棘のない薔薇

@yuya_aikawa

第1話ある少女との出会い

春の陽射しに誘われて、庭のデッキで軽く昼寝から目覚めた。


「どうやら眠ってしまったらしいな。電話もないみたいし…」


たまの休日は、仕事の事を忘れのんびりする…


デッキに座ったまま、真っ青な空を見上げると1本の飛行機雲が伸びていた。


キィーーーッ…


静かにブレーキ音が聞こえ、目の前に引っ越し業者のトラックが停まった。が、また動き出した。


春だからな…引っ越しシーズンか…


『1度でいいから、引っ越しをしてみたいものだ。あいつは、許してくれなさそうだが…。』


そんな事を考えてた時に、秘書の結城から電話がかかる…


【明日の定例会議に遅れないように!!】


案の定これか…

1度足りて遅刻したことはないのに、結城はいつも電話を寄越してくる。


「お節介な奴・・」


腕時計を見ると、もうすぐ3時…


リビングに戻り、家政婦が用意しておいた昼食を食べ、流しに浸ける。

以前、そのままにして、たいそう怒られた。


それが終わると、珈琲を飲みながら窓際で読書を楽しむ。


「今日の結城は、相当ヤキモキしてんだろうな。俺が居なくても、会社は回るのに…。」



住宅街ではあるが、敷地内が広く余り外の声が聞こえない。


パタンッ…


読み終えた本を膝に置き、軽く目を閉じる…



ピンポーンッ…ピンポーンッ…


玄関のチャイムが、2度鳴り、インターフォンを取ると結城と似てる顔立ちの男と女が立っていた。

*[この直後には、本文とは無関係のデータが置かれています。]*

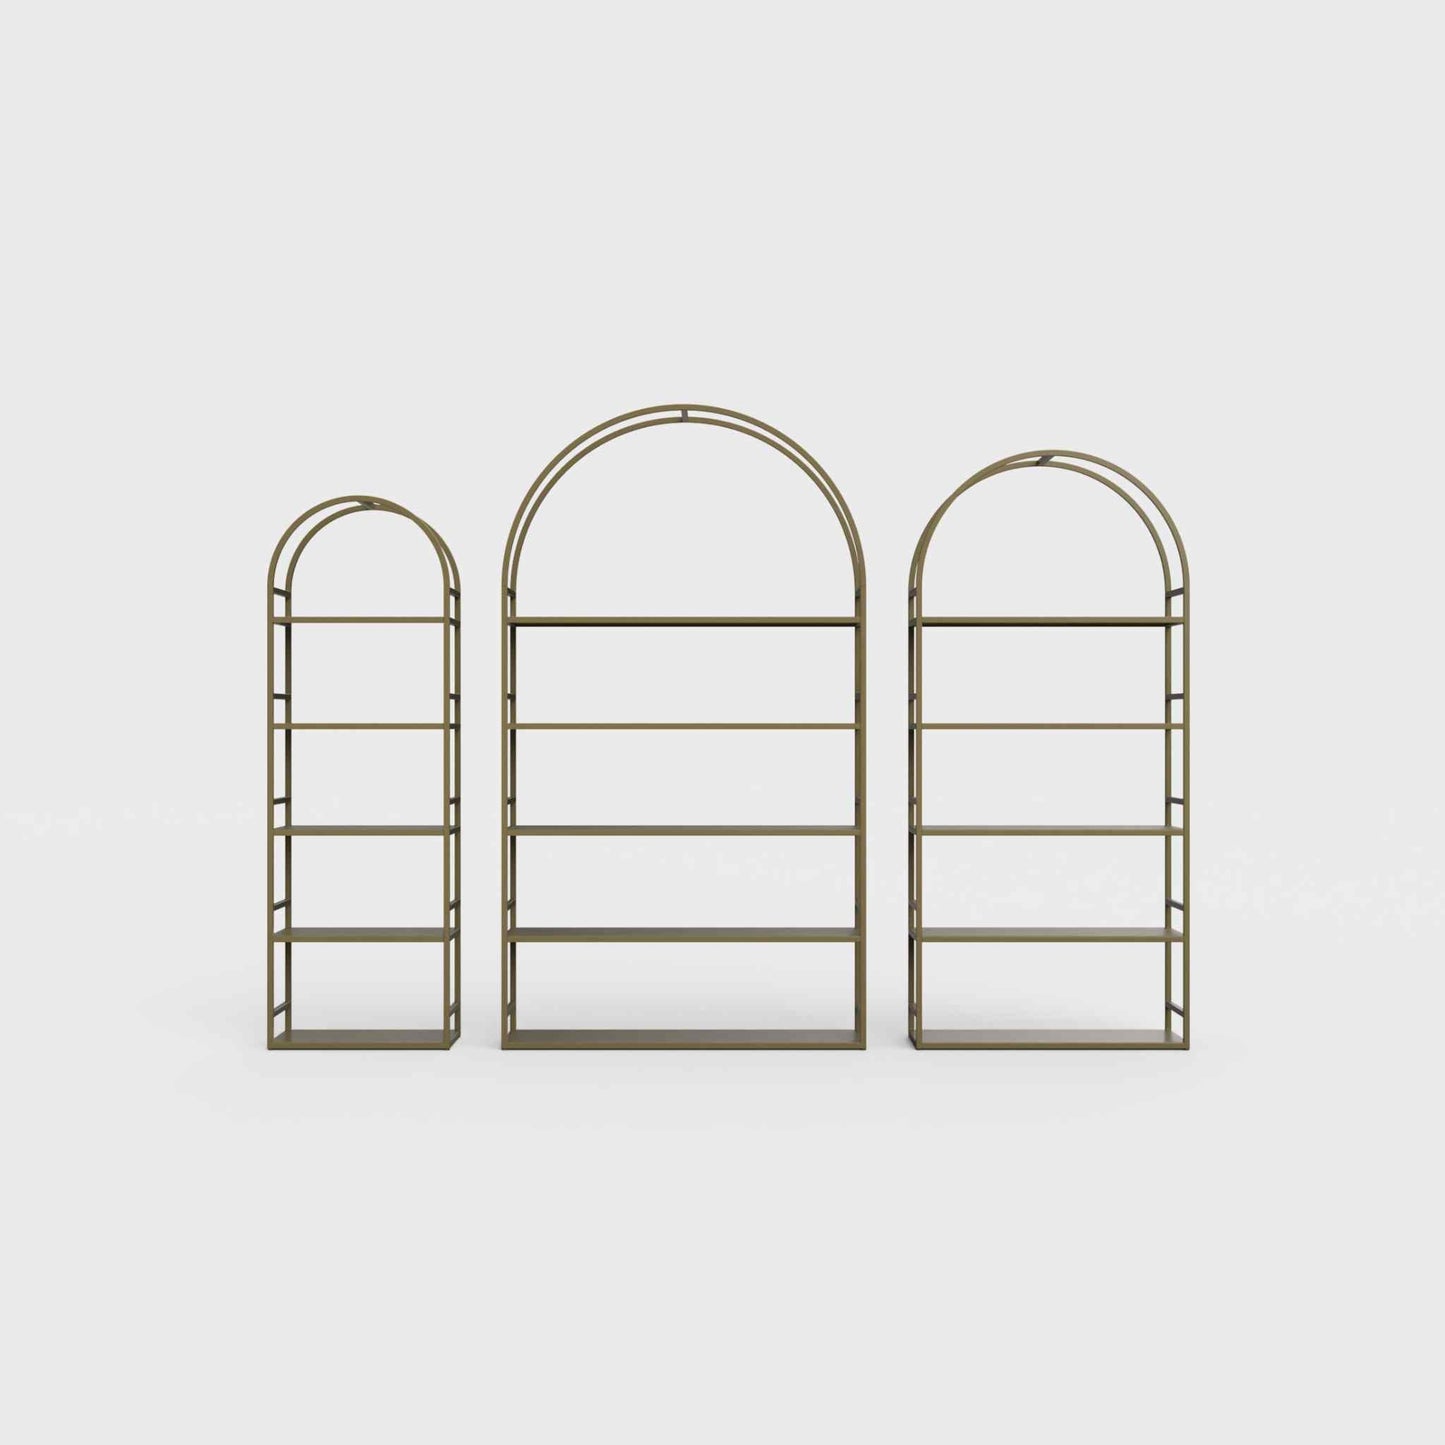 Arched bookcase Arkada, available in Switzerland through ÉTAUDORÉ, made from highest quality powdered coated steel in brown olive color
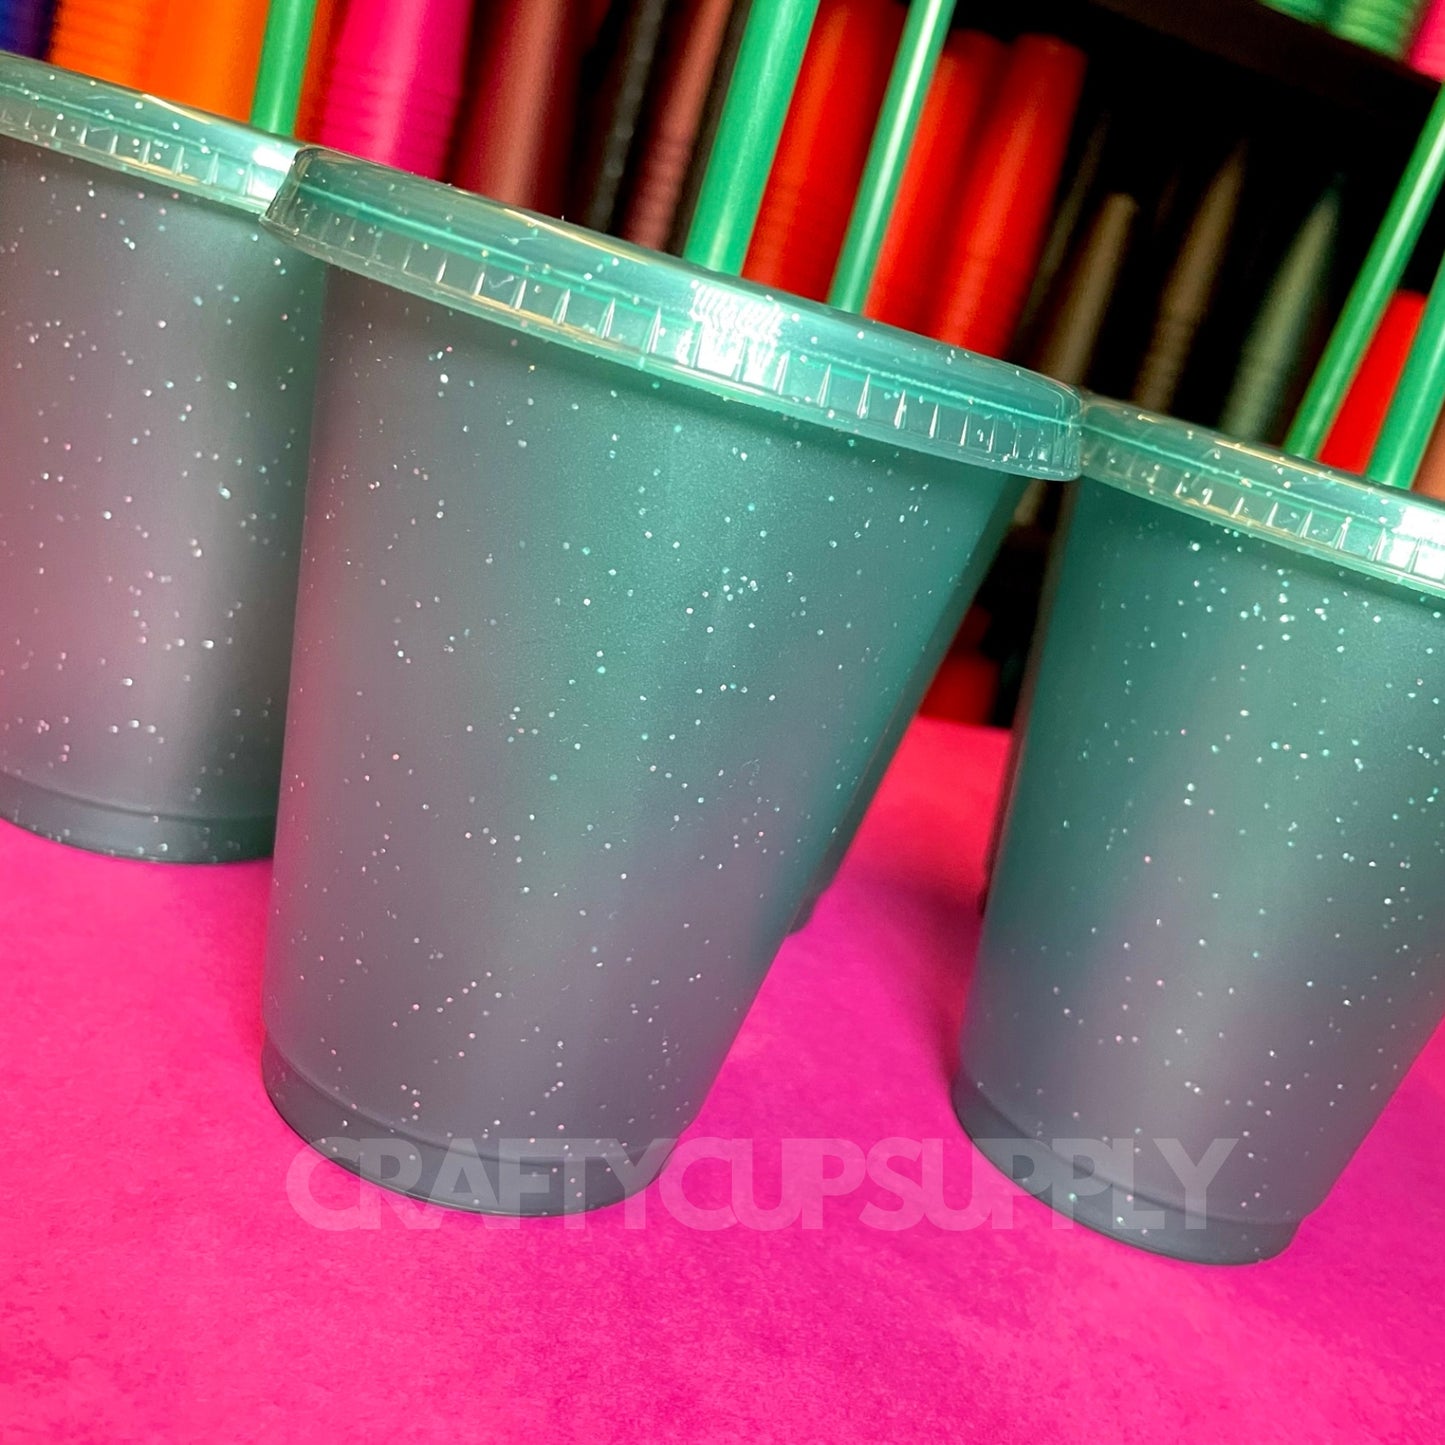 cups for crafting

セールスかと思ったが、どうやら引っ越しの挨拶に来たらしく、門の鍵を開け、玄関先で話す。


「今度この近くに越してきた、神崎と言います。」

「はぁ、宜しく。安部です。」

「妻の歩美です。で、娘の…」

「こんにちは。神崎璃子です!!」

「…。」


『可愛い!!なんて、可愛いんだ。』


年はわからぬが、真っ白なワンピースに身を包んだ少女は、少し長めの黒髪に大きな瞳で立っていた。


「あのー…。安部さん?」

「あっ、すいません。」


声を掛けられたのも気付かず、俺は神崎の娘・璃子を見ていた。


「これ、詰まらないものですが…」


手渡されたのは、いつも家政婦が買ってくる銀座では有名な焼き菓子だった…


「ありがとうございます。」


頭を下げ、渡された包みを受けとり、玄関脇のチェアに置いた。


「じゃ、長居も失礼なんで、この辺で…」


靴を履き、神崎一家を門まで送りに行き、見送る。


「家族、か…」


俺には、両親はいたものの余り家族らしい事をされた覚えはなく、物心ついた時から、傍にいたのが家政婦の梅さんだった。


小さな頃は、ババァと呼んでは拳骨を喰らっていたが、誰も梅さんを怒る人は居なかった。



「妙にドキドキしたな。初恋の時みたいな…。風呂でも入るか。」



バスルームへ行き、湯を溜めてる間に、冷蔵庫へビールを入れる。梅さんがいるとなかなか飲めない…。


湯が溜まったブザーが鳴り、少し熱めの湯に身体を沈ませた…



これが、俺と璃子の出会いだった。